Truth be told, I wasn't really more convincing than any of the other pigtailed entrepreneurs; my secret weapon was my dad. He works in a huge office in downtown Boston, and every year I'd send him off with the cookie order form. Once word got out among the sugar-starved tax consultants that Barry Okun was the guy to see for Thin Mints and Peanut Butter Patties (I WILL NEVER CALL THEM TAGALONGS YOU FASCIST COMMIE SLUTS), all we had to do was sit back and watch the requests pour in. I was the bucktoothiest little kingpin you ever did see.

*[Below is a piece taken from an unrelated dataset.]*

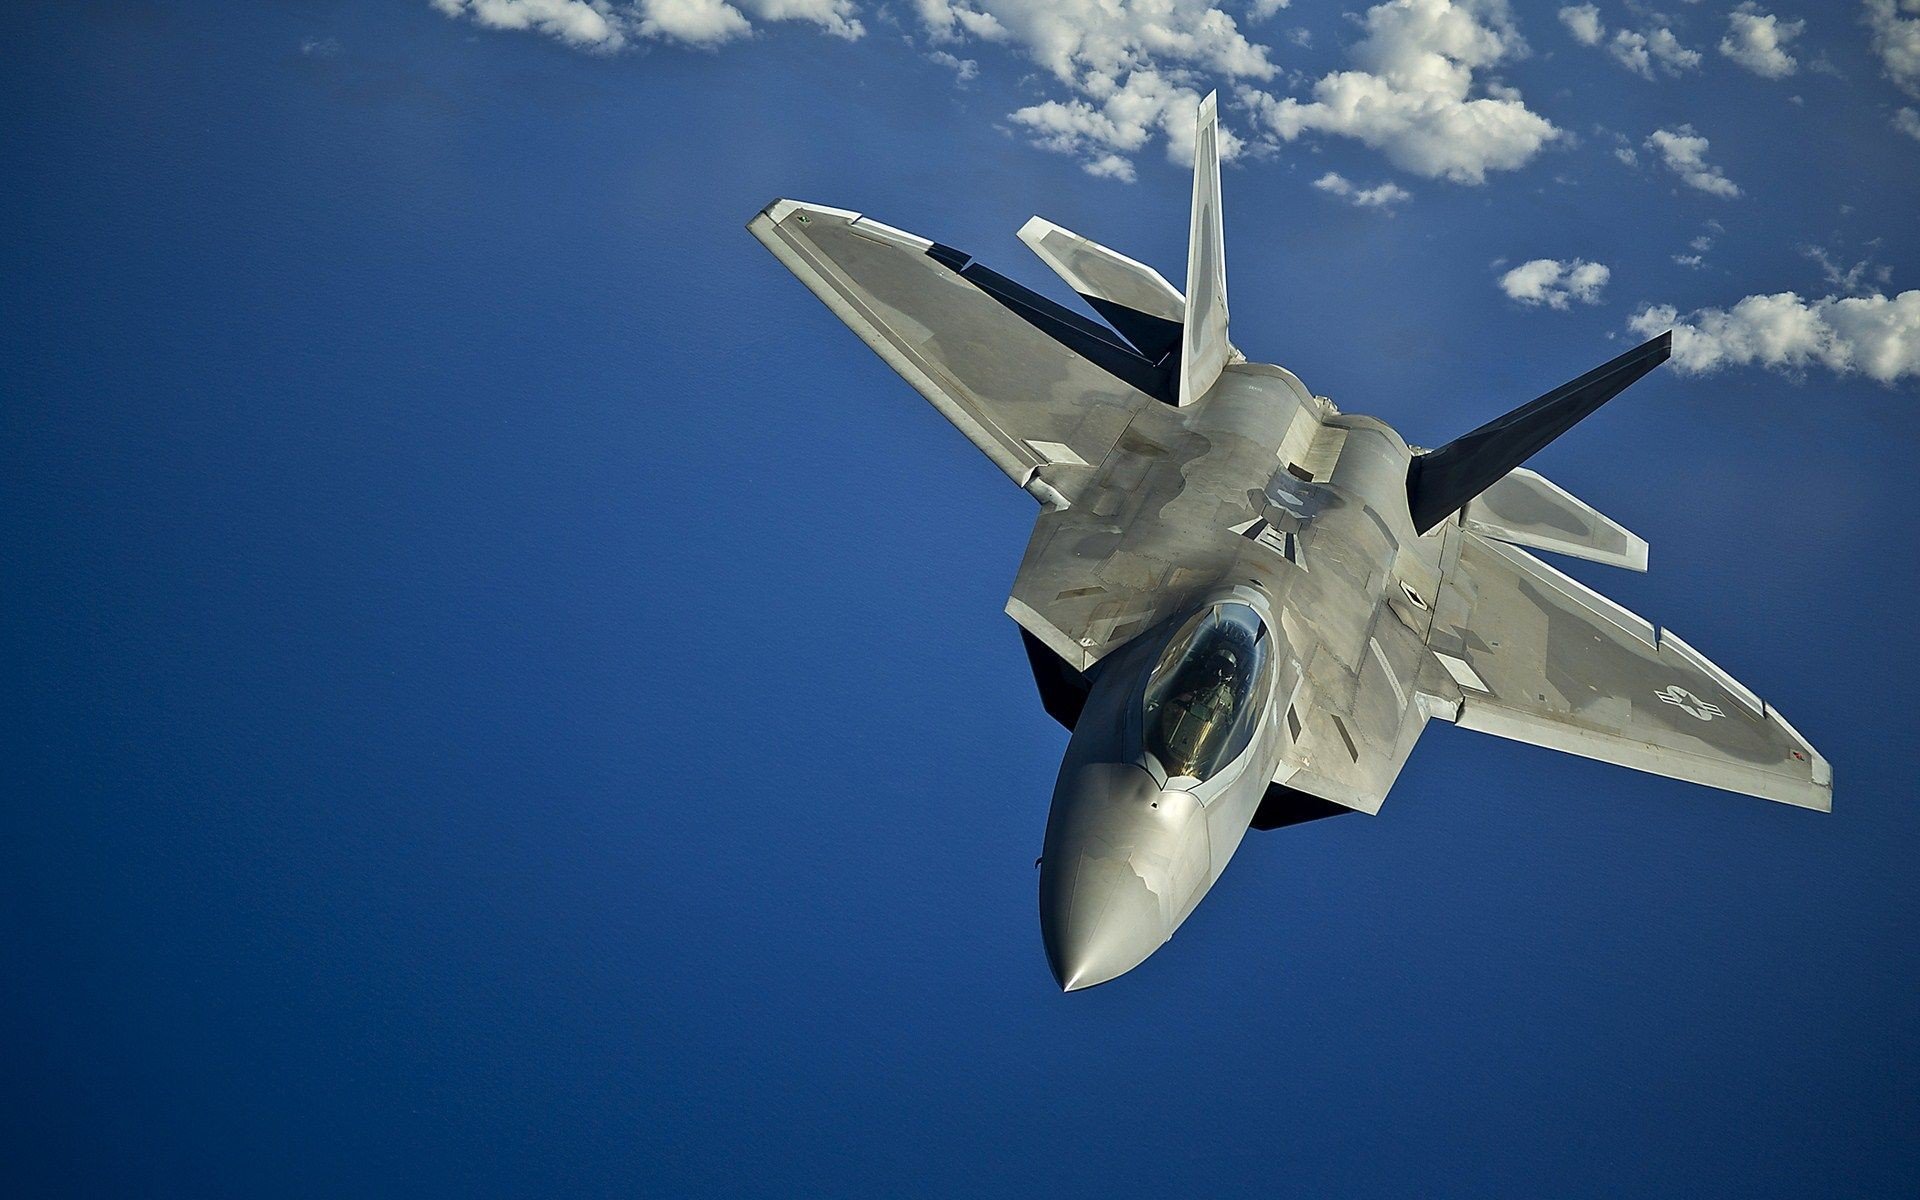 Обозреватель Business Insider сравнил самолеты Су-35 и F-22

I quit the troop when I realized that my total lack of coordination seriously hampered my chances at the juiciest merit badges. I don't know any Girl Scouts anymore; most of my friends' younger siblings are too young/old/pierced to belong to the organization, and I passed the benchmark where it's okay to have tweenage friends a whole bunch of years ago. I interviewed (selflessly, journalistically, and with no ulterior motive) my 13-year-old brother to find out if any of his shrieky, bebrace'd lady-friends might be hawking cookies this year. His response: "What? [Girl Scouts] still exist?" Homeboy makes a fair point—how does an organization stay in business if its product is only available on a who-you-know basis, especially when the "who" in question is required to wear polyester vests made of the least flattering green to ever grace this good Earth? I guess it's just one of life's great mysteries, like why that tree outside the Retreat smells like feta cheese and where jeggings come from. And so my quest for cookie nirvana continues.
Editor's Note: I have since located a small child who is willing to peddle me two boxes of Peanut Butter Patties, two boxes of Thin Mints and one box of Samoas. AND NONE OF YOU CAN HAVE ANY HAHA.